# Not everyone cashes checks promptly



## debodun (Nov 5, 2021)

I especially notice this with medical offices. One time I sent a check for a co-payment and it wasn't cashed for months. They kept sending me "past due" reminders. I'd call and attempt to straighten them out, only to be told "We'll look into it." and the the next week get another reminder. They probably spent more on postage than the co-pay was worth!

This summer, busy with moving and having a broken mower, I hired someone to mow my lawn at the new house and paid with a check. He didn't cash it for 6 weeks.

Why all this procrastination with check cashing?


----------



## funsearcher! (Nov 5, 2021)

debodun said:


> I especially notice this with medical offices. One time I sent a check for a co-payment and it wasn't cashed for months. They kept sending me "past due" reminders. I'd call and attempt to straighten them out, only to be told "We'll look into it." and the the next week get another reminder. They probably spent more on postage than the co-pay was worth!
> 
> This summer, busy with moving and having a broken mower, I hired someone to mow my lawn at the new house and paid with a check. He didn't cash it for 6 weeks.
> 
> Why all this procrastination with check cashing?


For individuals it may be that they are not near a bank building at the times it is open. For a business, they may have specified times/dates when they deposit all checks at one time. Who knows??


----------



## Aunt Bea (Nov 5, 2021)

Depositing checks instantly with an iPhone is one of my favorite features.

You don’t even have to wait for the ink to dry!


----------



## debodun (Nov 5, 2021)

Unfortunately, I'm not that into modern technology.


----------



## funsearcher! (Nov 5, 2021)

debodun said:


> Unfortunately, I'm not that into modern technology.


Me either-I don't have an I phone and I rarely ever receive a check, or write one.


----------



## MrPants (Nov 5, 2021)

There's banking rules about that where I live. If it's more than 6 months beyond the date it was written, bank can legally refuse to cash it.


----------



## Jules (Nov 5, 2021)

funsearcher! said:


> Me either-I don't have an I phone and I rarely ever receive a check, or write one.
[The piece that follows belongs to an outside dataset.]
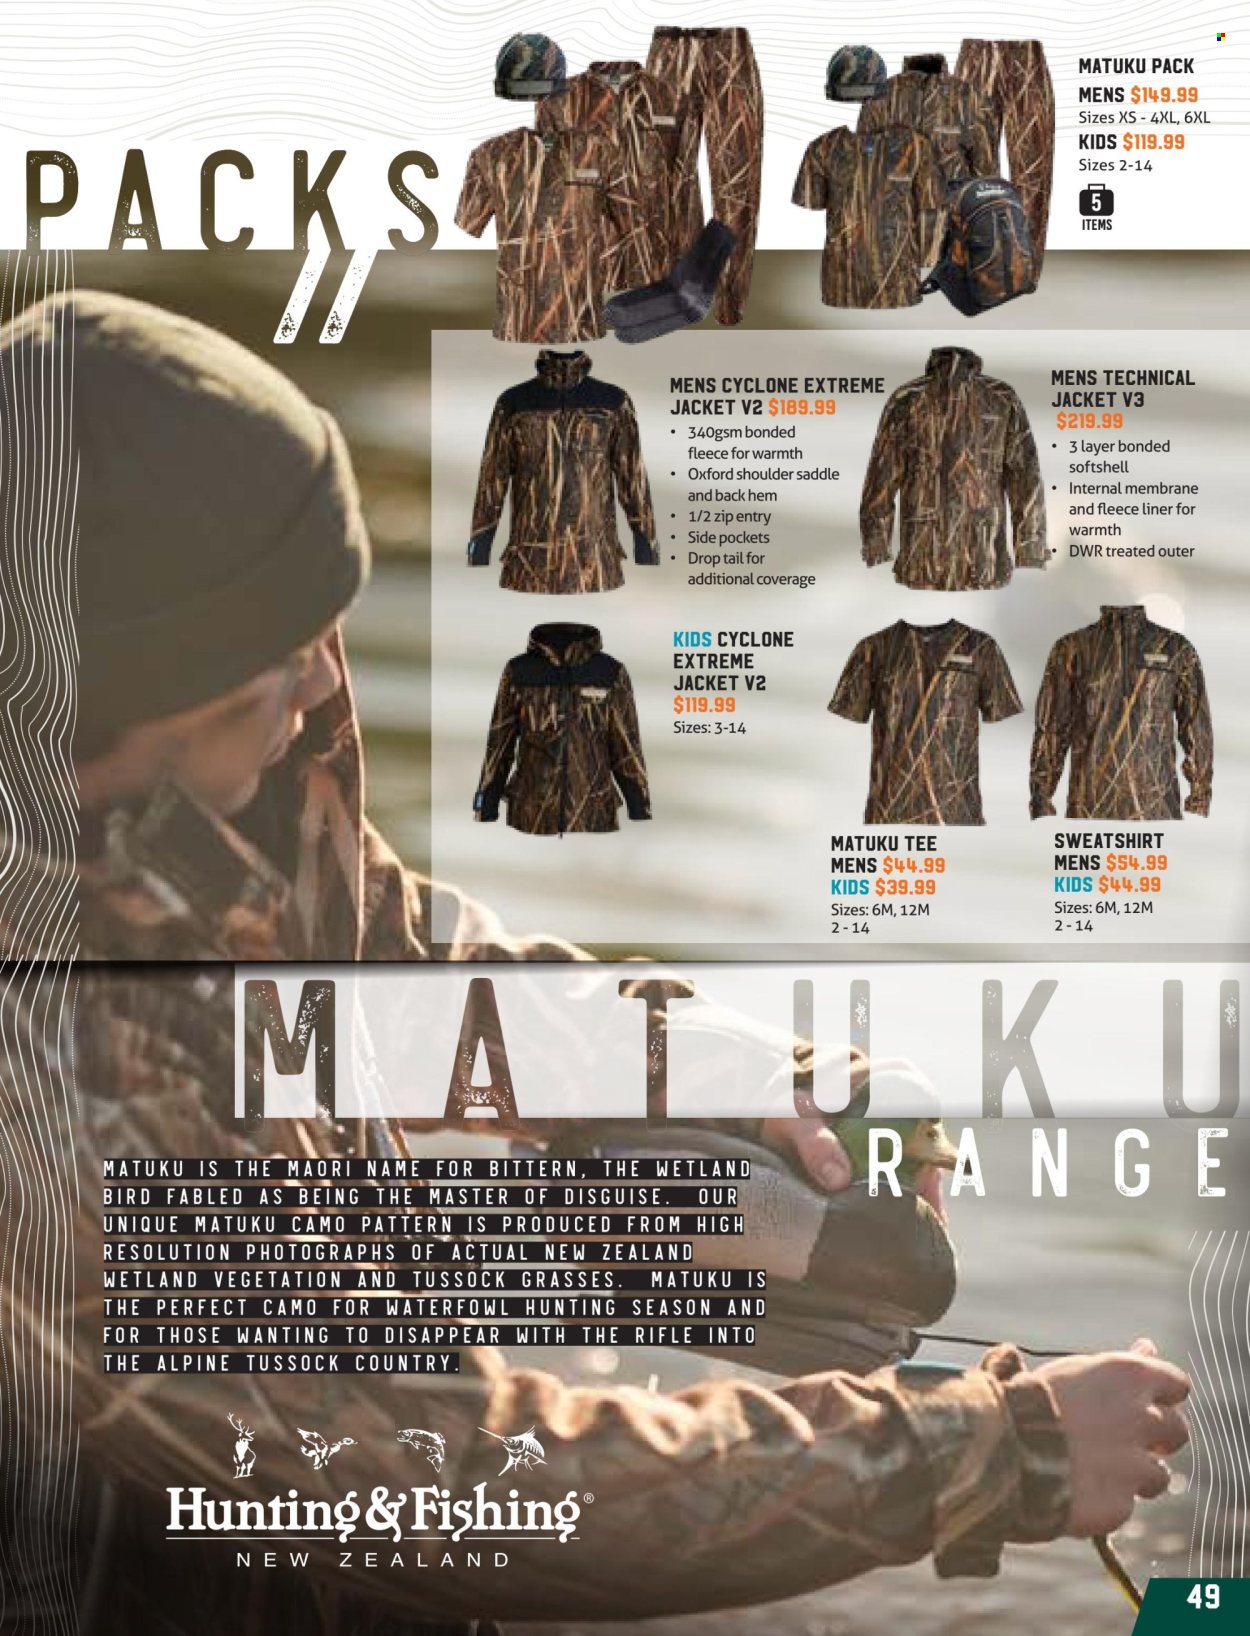 Buy Hunting & Fishing Kids Cyclone Extreme Jacket - Matuku

It can be done with any mobile device, if you have a tablet.


----------



## PamfromTx (Nov 5, 2021)

Thanks for the reminder as I still have a 'birthday' check from one of my sisters in my handbag.


----------



## Myquest55 (Nov 5, 2021)

Depending on what the check is for, I have even used the phone to call my Credit Union and have a contractor's deposit transferred from my account to his directly, via ACH (not sure what that stands for but it was free, while a "wire transfer" cost $15)  Anyway - it was available to him, to purchase materials, in 24 hrs while a paper check would take about a week to clear.  Made sense to me!

My sons, also don't seem to cash or deposit gift checks in a timely manner.  Not sure why - I guess they just don't care about money?  Gee, when I was in college and first working, ANY money was welcome!!   Since we re-financed our mortgage, everything was done online so I now have online access and since my name is still on the single guy's savings accounts, I can just transfer $$ there for birthdays and Christmas.  Much easier to balance the checkbook!  (which I still do every month - to the penny)


----------



## Kaila (Nov 5, 2021)

PamfromTx said:


> Thanks for the reminder as I still have a 'birthday' check from one of my sisters in my handbag.
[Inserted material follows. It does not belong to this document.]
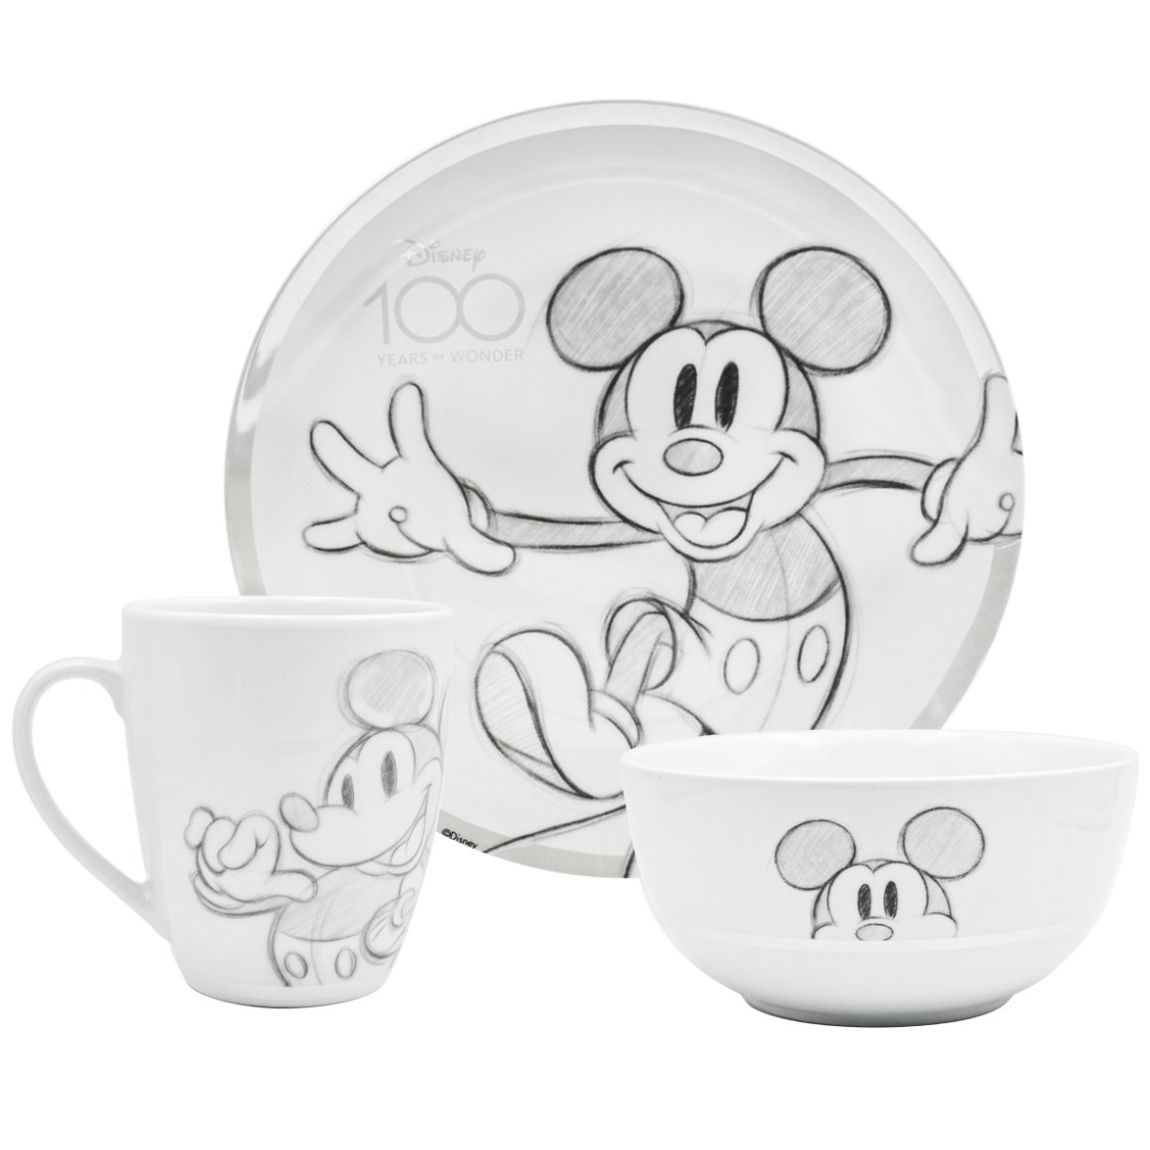 Vajilla Porcelana Mickey Minnie Mouse Disney 12pzas Original

Cash that check, very soon,  Pam!    She definitely wants to know you are enjoying it!


----------



## MrPants (Nov 5, 2021)

Another fun fact about checks - a bank can and will refuse to cash a check signed in pencil rather than ink. It happened to me once. I couldn't even tell it was pencil until the teller pointed it out & I looked more closely


----------



## PamfromTx (Nov 5, 2021)

Kaila said:


> Cash that check, very soon,  Pam!  She definitely wants to know you are enjoying it!
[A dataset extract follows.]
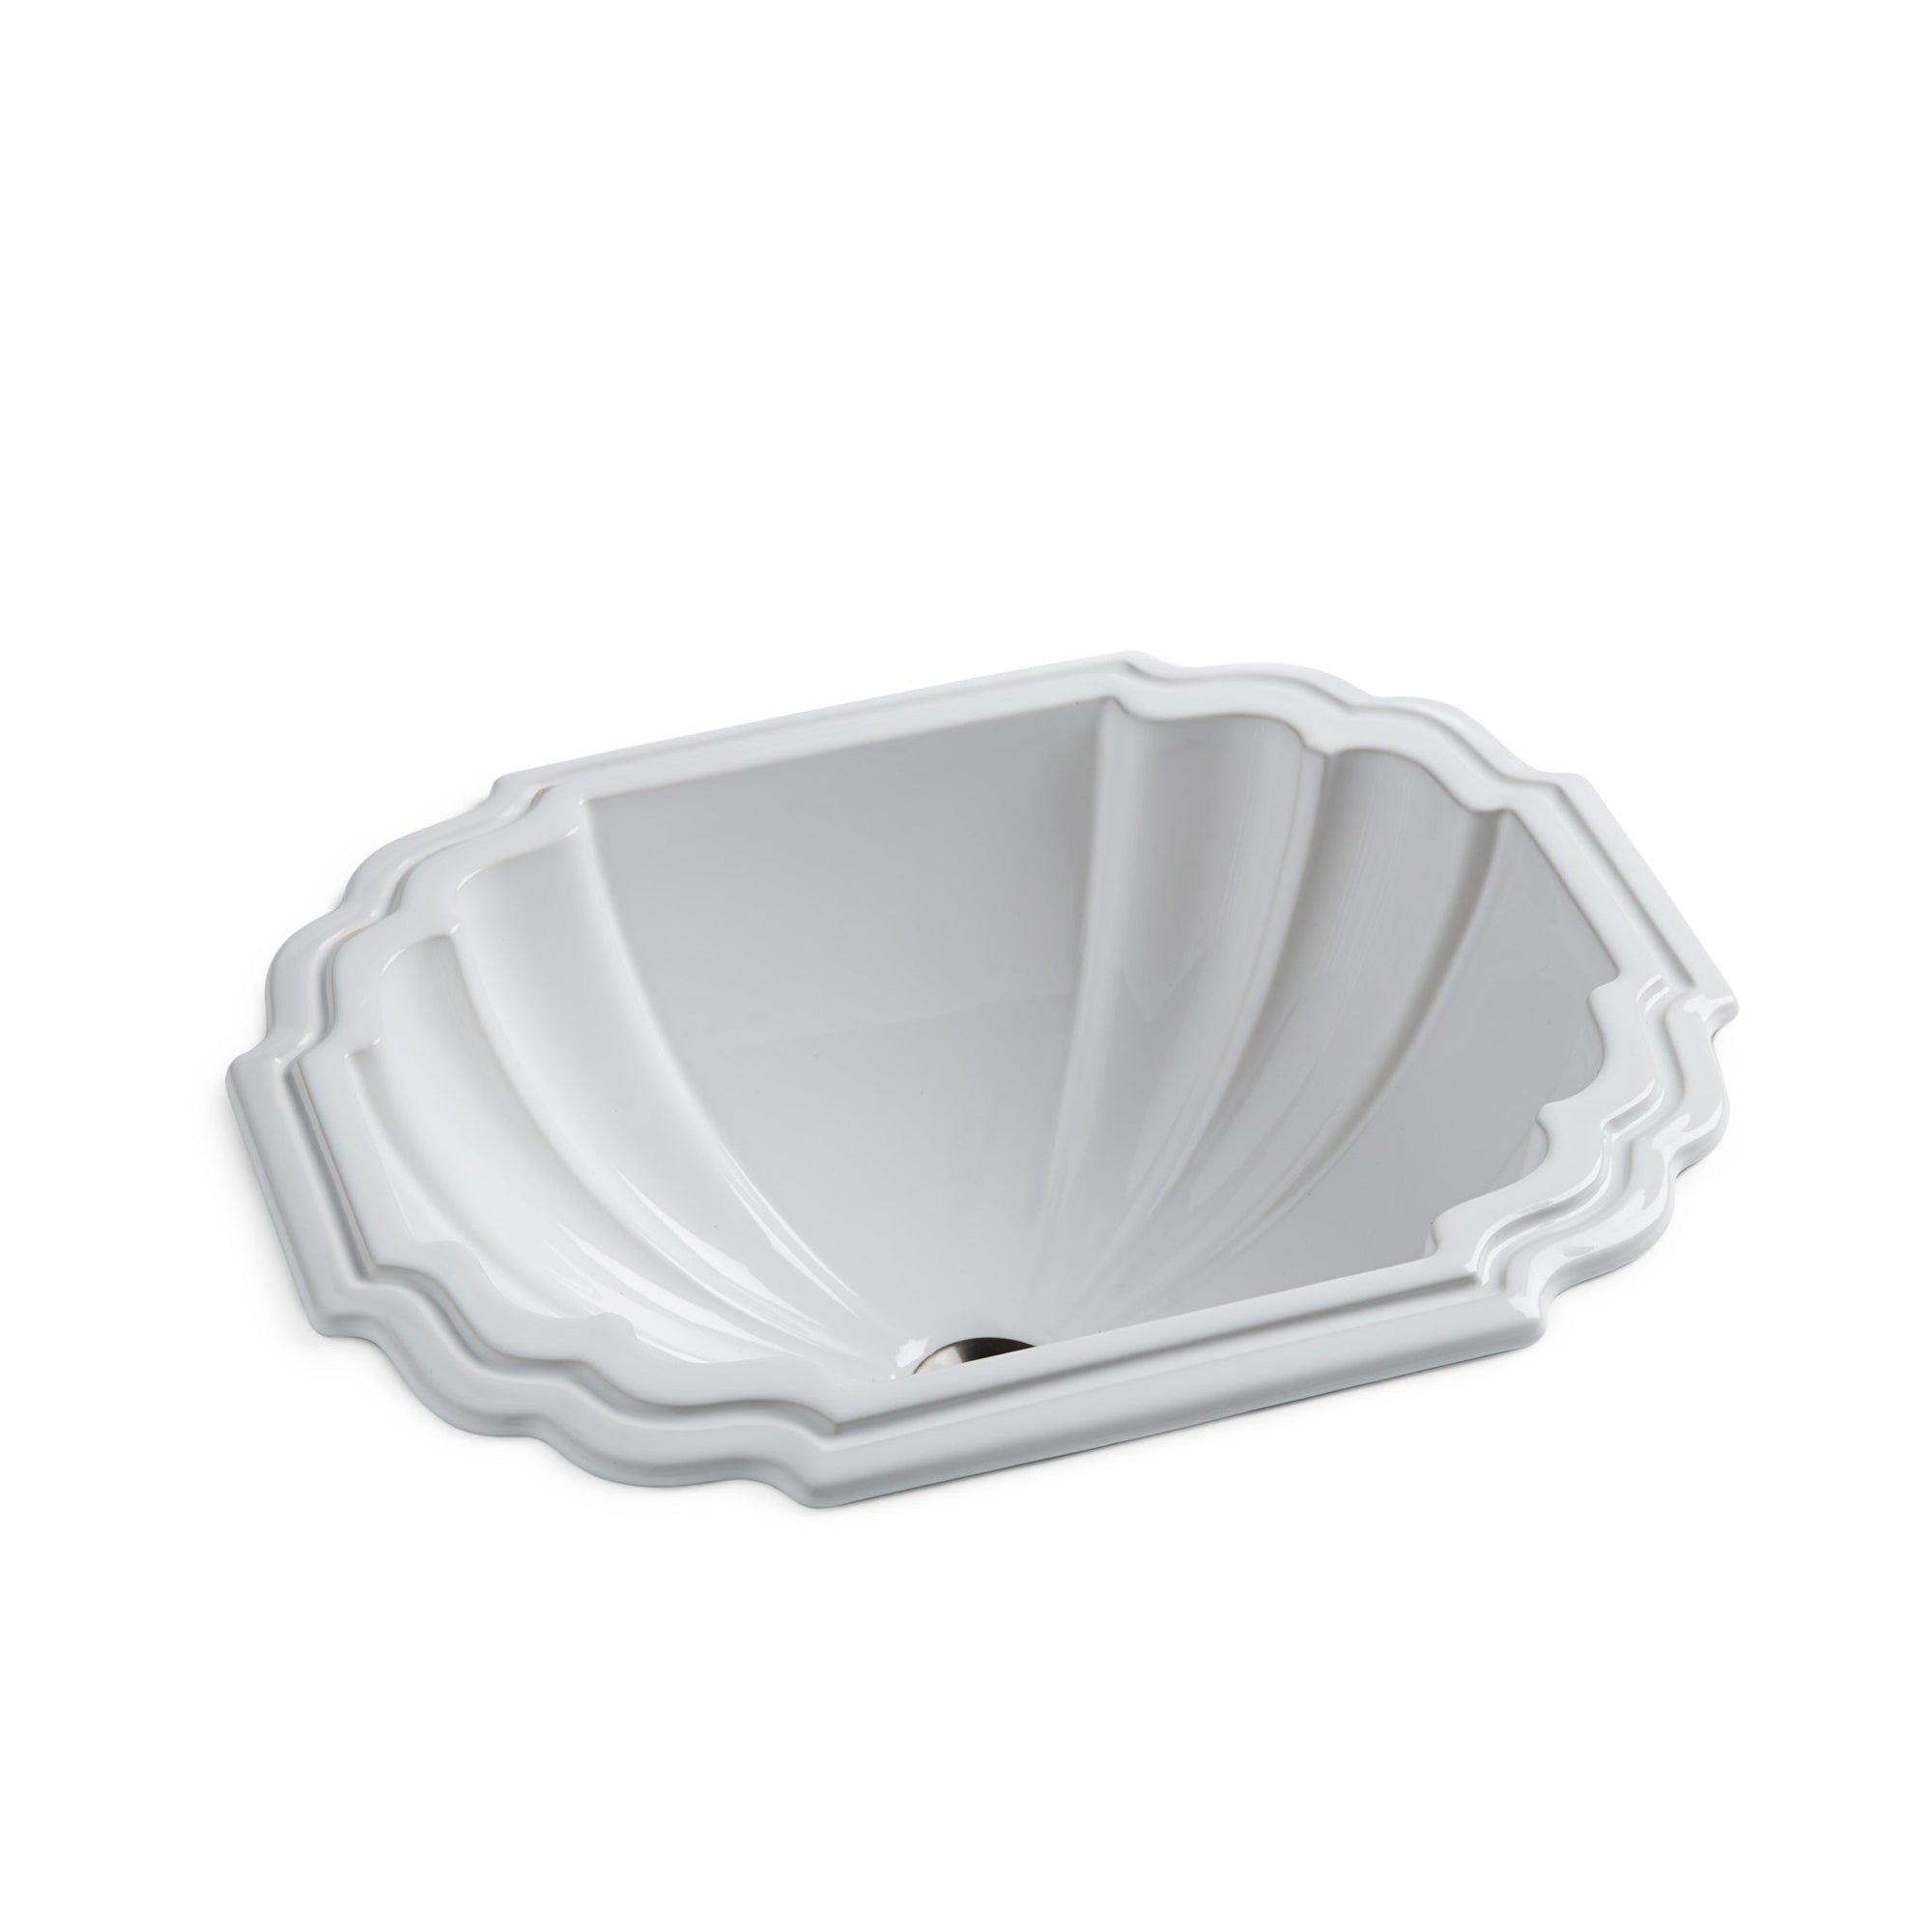 OE5-WHT Sherle Wagner International White Glazed Georgian Ceramic Over Edge Sink

I doubt I can buy anything for $5, @Kalia !


----------



## terry123 (Nov 6, 2021)

I have a few small checks that my granddaughter will deposit for me when she comes by. I don't drive anymore and don't have a smart phone.  So there are a lot of reasons for holding onto checks for a bit.


----------



## OneEyedDiva (Nov 6, 2021)

I paid my Honorary Daughter's (HD) rent with a check a few years back. We're talking over $1,000. That check was never cashed. Finally after about a year and a half, I added that amount back to my account. HD told me she had asked about it and the realtor who handled it said they had moved their offices and if they found the check, they'd deposit it but until then don't worry about it, consider that month's rent paid. Well...okay.


----------



## debodun (Nov 6, 2021)

Many years ago, I made a donation to the local fire department by check. Months went by and it wasn't cashed. I closed the account having forgotten about the outstanding check, then three months later it was cashed. I had to pay the bank back the check amount plus a penalty fee.


----------



## Butterfly (Nov 6, 2021)

terry123 said:


> I have a few small checks that my granddaughter will deposit for me when she comes by. I don't drive anymore and don't have a smart phone.  So there are a lot of reasons for holding onto checks for a bit.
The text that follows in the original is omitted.